Model Card for japanese-spoken-language-bert

These BERT models are pre-trained on written Japanese (Wikipedia) and fine-tuned on Spoken Japanese. We used CSJ and the Japanese diet record. CSJ (Corpus of Spontaneous Japanese) is provided by NINJAL (https://www.ninjal.ac.jp/). We only provide model parameters. You have to download other config files to use these models.

We provide three models down below:

  • 1-6 layer-wise (Folder Name: models/1-6_layer-wise) Fine-Tuned only 1st-6th layers in Encoder on CSJ.

  • TAPT512 60k (Folder Name: models/tapt512_60k) Fine-Tuned on CSJ.

  • DAPT128-TAPT512 (Folder Name: models/dapt128-tap512) Fine-Tuned on the diet record and CSJ.

Table of Contents

Model Details

Model Description

These BERT models are pre-trained on written Japanese (Wikipedia) and fine-tuned on Spoken Japanese. We used CSJ and the Japanese diet record. CSJ (Corpus of Spontaneous Japanese) is provided by NINJAL (https://www.ninjal.ac.jp/). We only provide model parameters. You have to download other config files to use these models.

We provide three models down below:

  • 1-6 layer-wise (Folder Name: models/1-6_layer-wise) Fine-Tuned only 1st-6th layers in Encoder on CSJ.

  • TAPT512 60k (Folder Name: models/tapt512_60k) Fine-Tuned on CSJ.

  • DAPT128-TAPT512 (Folder Name: models/dapt128-tap512) Fine-Tuned on the diet record and CSJ.

  • Model type: Language model

  • Language(s) (NLP): ja

  • License: Copyright (c) 2021 National Institute for Japanese Language and Linguistics and Retrieva, Inc. Licensed under the Apache License, Version 2.0 (the “License”)

Training Details

Training Data

  • 1-6 layer-wise: CSJ
  • TAPT512 60K: CSJ
  • DAPT128-TAPT512: The Japanese diet record and CSJ

Training Procedure

We continuously train the pre-trained Japanese BERT model (cl-tohoku/bert-base-japanese-whole-word-masking; written BERT).

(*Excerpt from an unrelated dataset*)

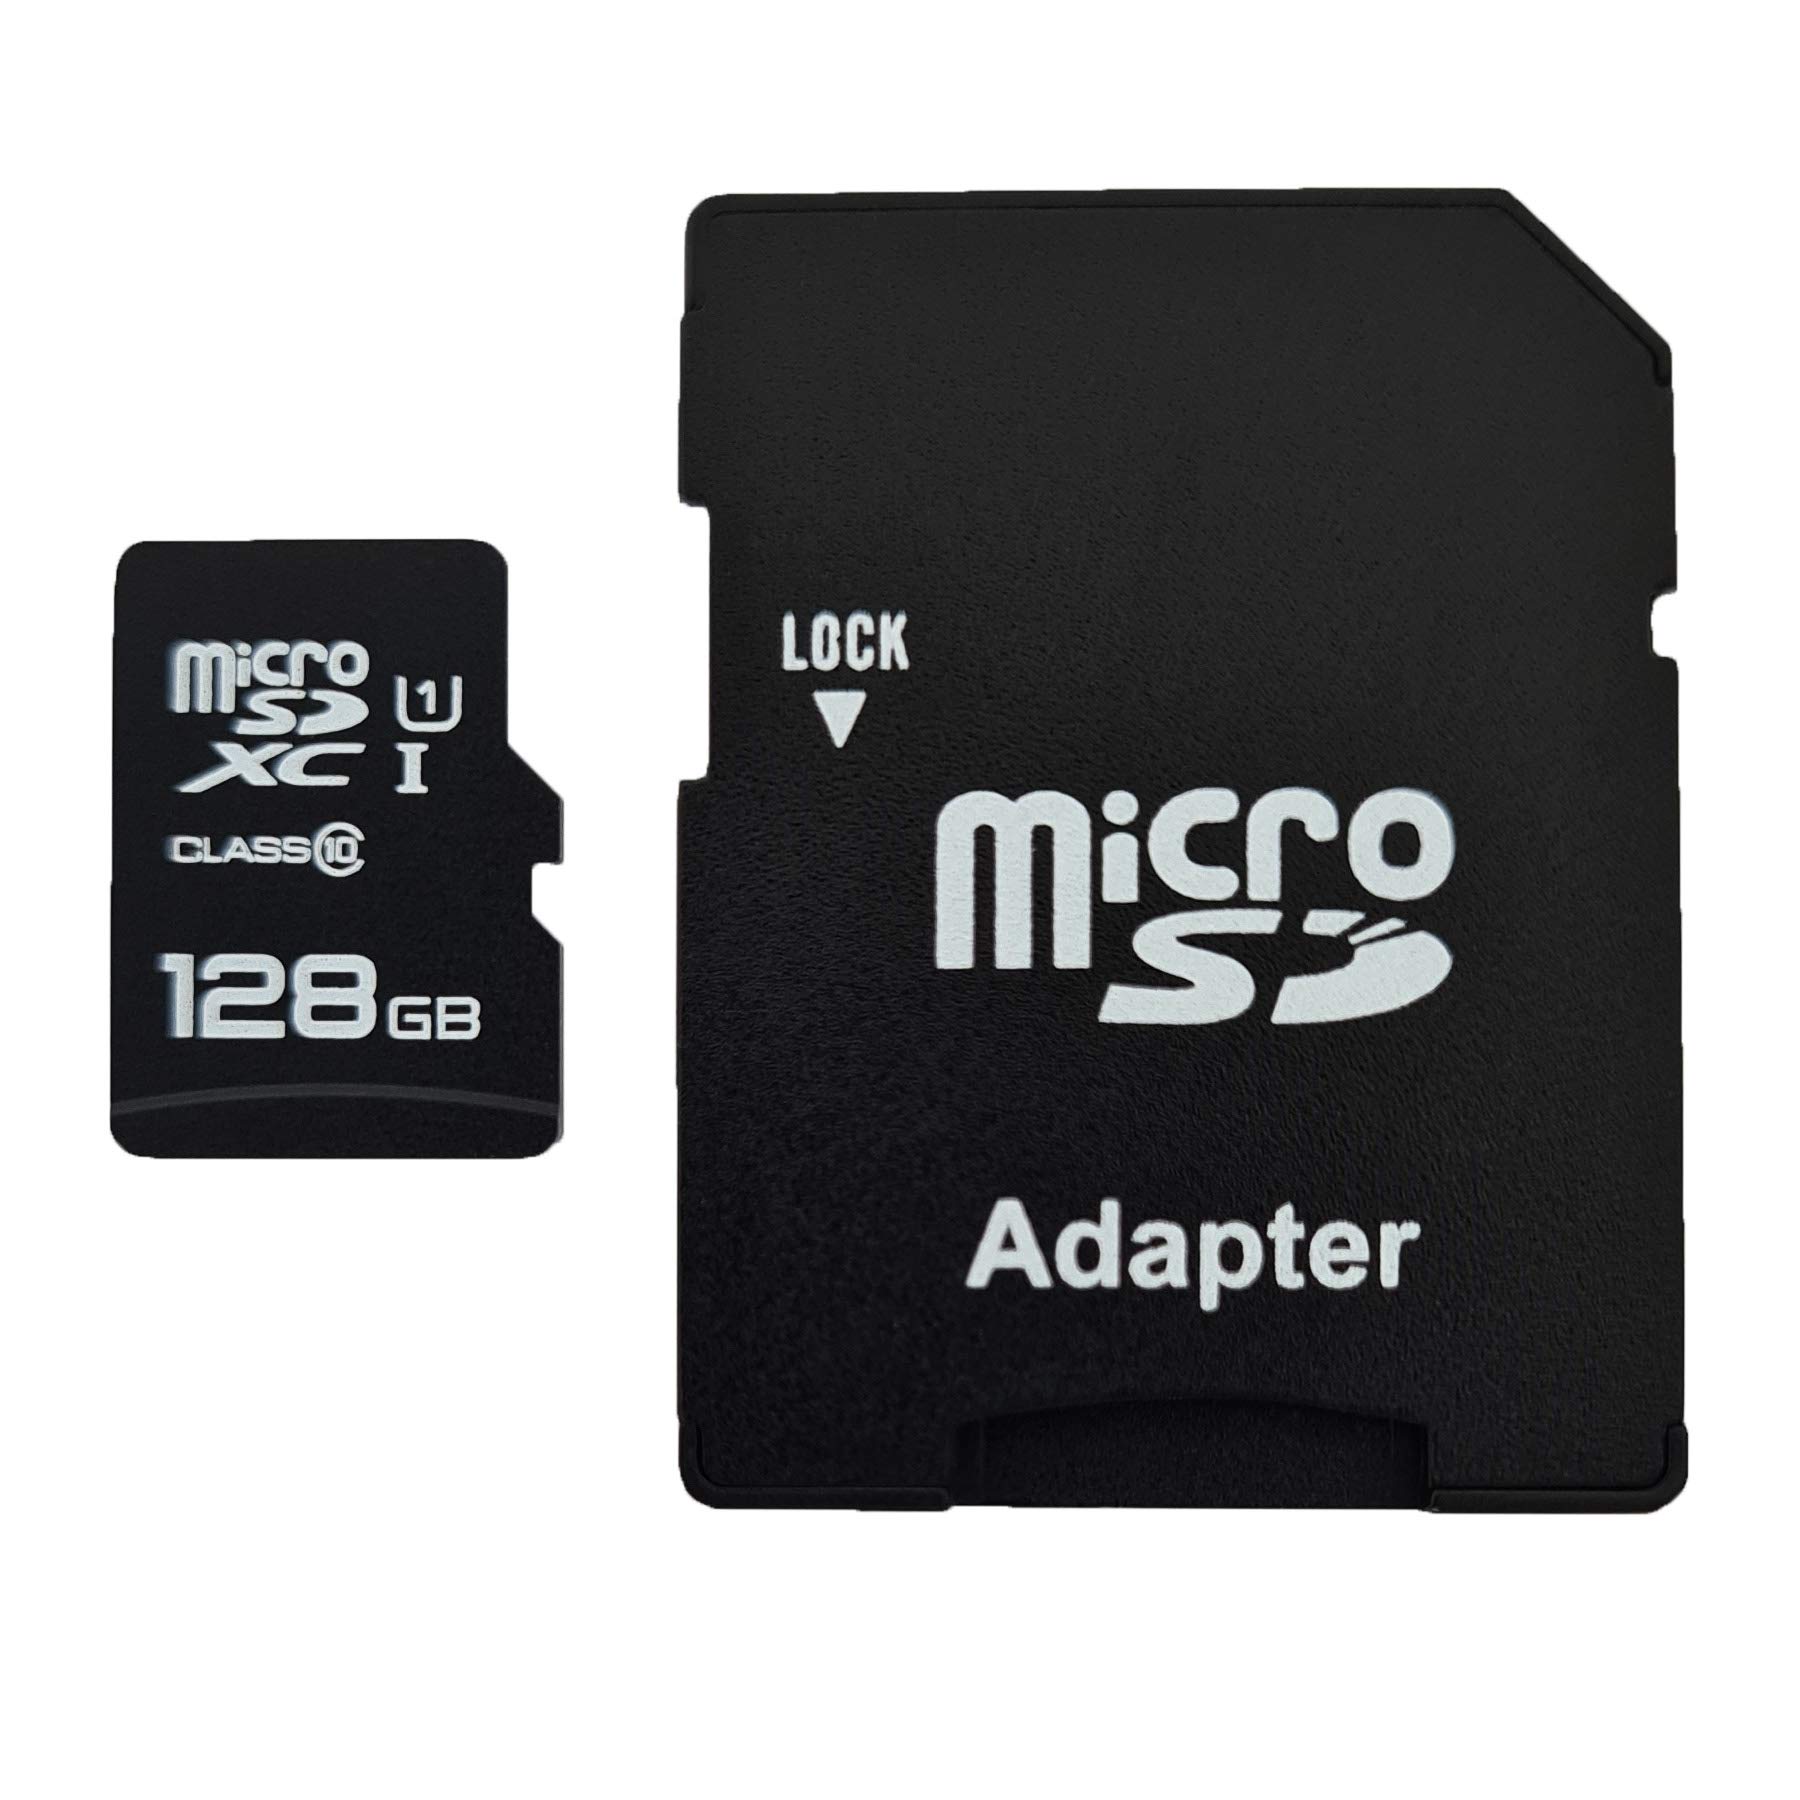 dekoelektropunktde 128GB MicroSDXC Speicherkarte mit Adapter Class 10 kompatibel für Olympus OM-D E-M10 Mark III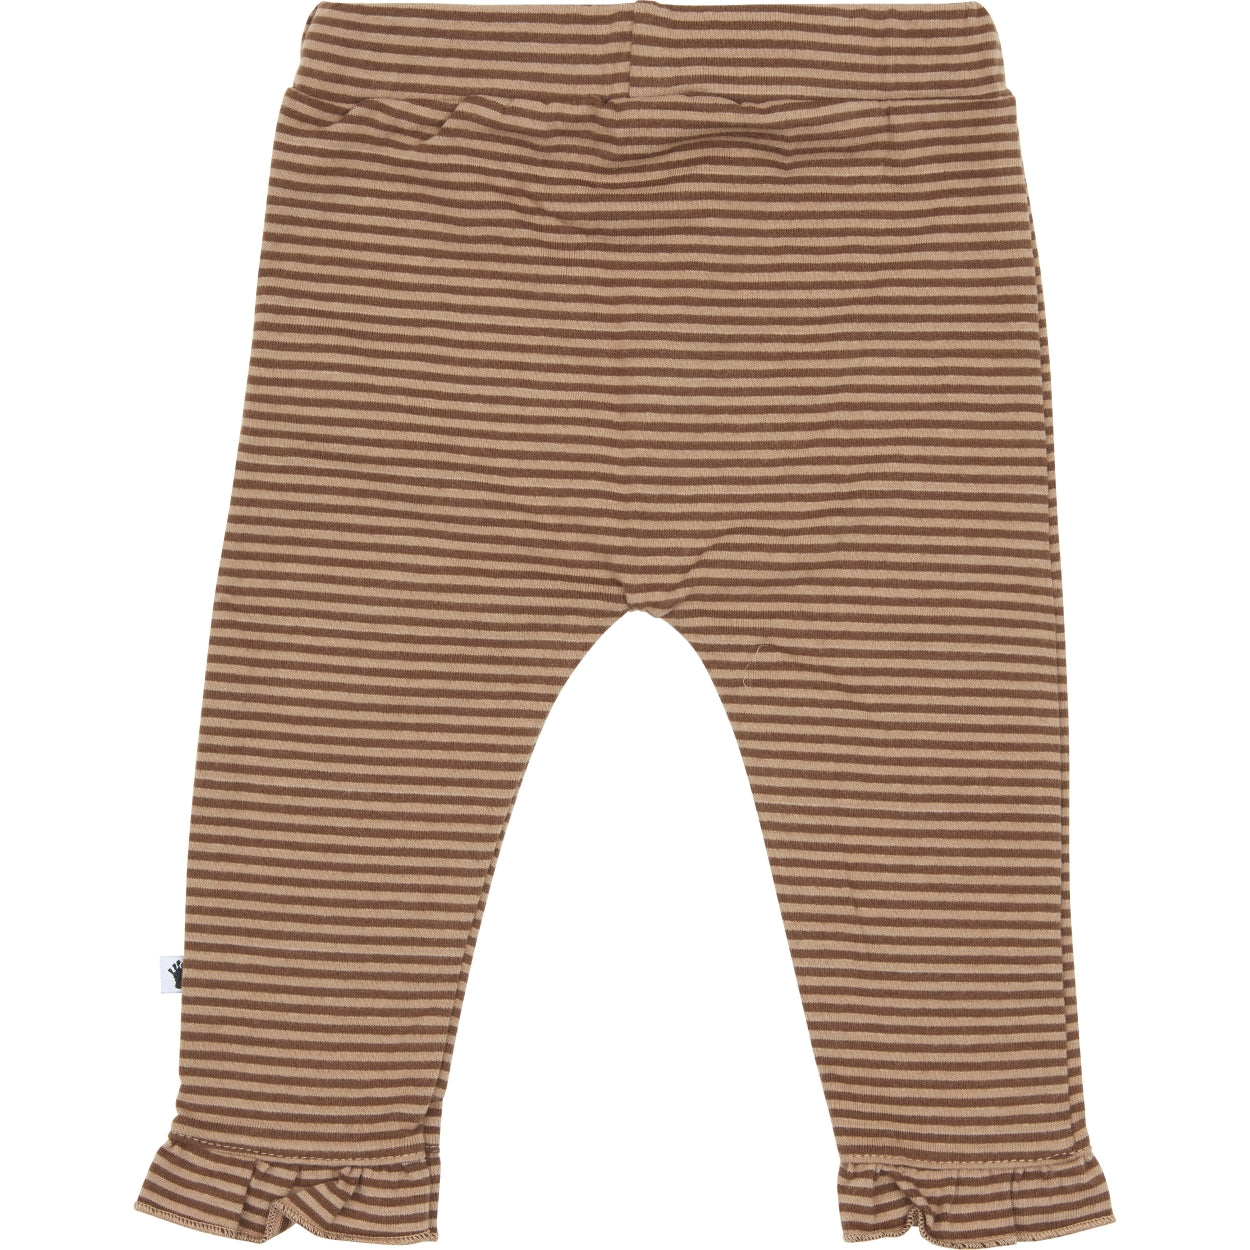 Meisjes Trousers Ruffle van Klein Baby in de kleur Stripe Burro/Rawhide in maat 74.

In detail, See Japanese blog or Japanese paper.

Evaluation

Testing Data, Factors & Metrics

Testing Data

We use CSJ for the evaluation.

Factors

We evaluate the following tasks on CSJ:

  • Dependency Parsing
  • Sentence Boundary
  • Extract Important Sentence

Metrics

  • Dependency Parsing: Undirected Unlabeled Attachment Score (UUAS)
  • Sentence Boundary: F1 Score
  • Extract Important Sentence: F1 Score

Results

Dependency Parsing Sentence Boundary Extract Important Sentence
written BERT 39.4 61.6 36.8
1-6 layer wise 44.6 64.8 35.4
TAPT 512 60K - - 40.2
DAPT128-TAPT512 42.9 64.0 39.7

Citation

BibTeX:

@inproceedings{csjbert2021,
    title = {CSJを用いた日本語話し言葉BERTの作成},
    author = {勝又智 and 坂田大直},
    booktitle = {言語処理学会第27回年次大会},
    year = {2021},
}

More Information

https://tech.retrieva.jp/entry/2021/04/01/114943 (In Japanese)

Model Card Authors

Satoru Katsumata

Model Card Contact

More information needed

How to Get Started with the Model

Use the code below to get started with the model.

Click to expand
  1. Run download_wikipedia_bert.py to download BERT model which is trained on Wikipedia.
python download_wikipedia_bert.py

This script downloads config files and a vocab file provided by Inui Laboratory of Tohoku University from Hugging Face Model Hub. https://github.com/cl-tohoku/bert-japanese

  1. Run sample_mlm.py to confirm you can use our models.
python sample_mlm.py